• RECORDED DATA:
⁂
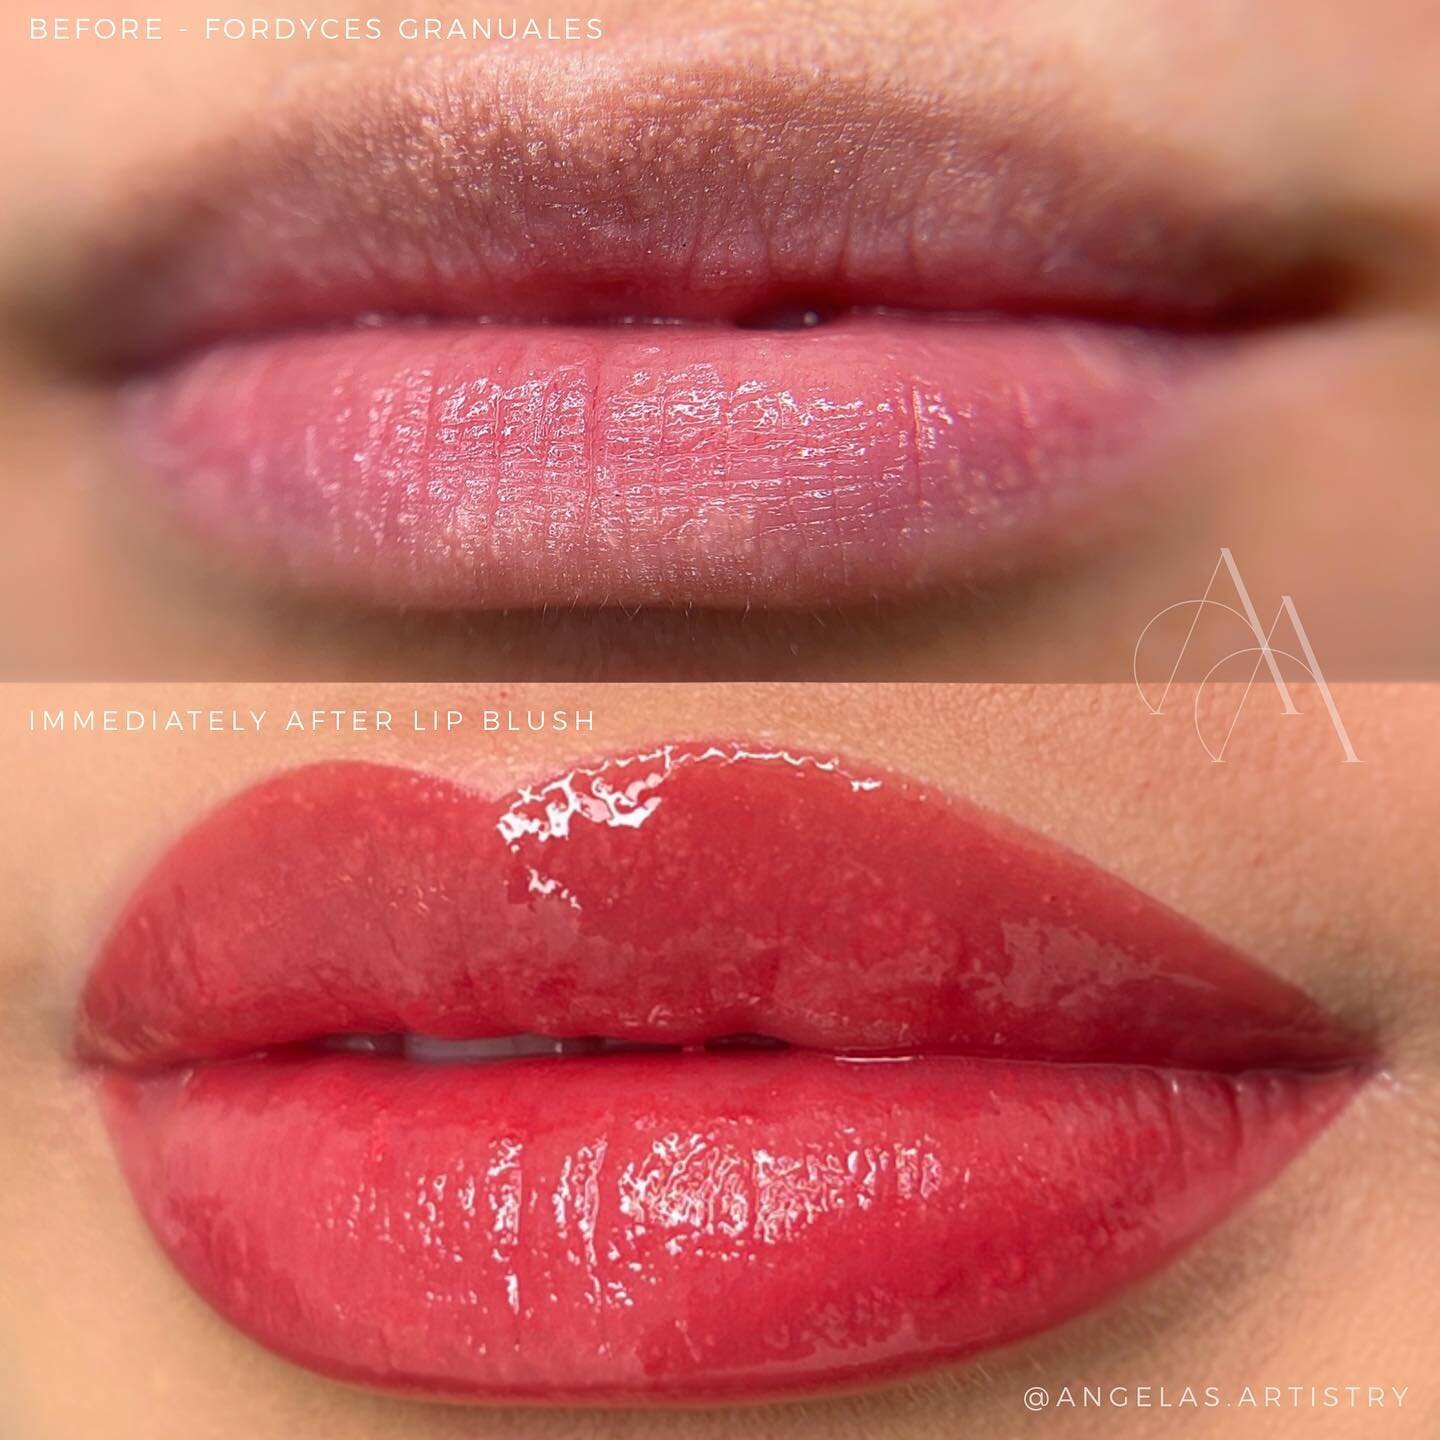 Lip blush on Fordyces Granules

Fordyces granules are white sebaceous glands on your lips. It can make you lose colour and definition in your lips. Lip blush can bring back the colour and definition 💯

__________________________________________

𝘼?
⁂
Omit the pictures, then quote the rest of the material above exactly.

 Lip blush on Fordyces Granules

Fordyces granules are white sebaceous glands on your lips. It can make you lose colour and definition in your lips. Lip blush can bring back the colour and definition 💯

__________________________________________

𝘼?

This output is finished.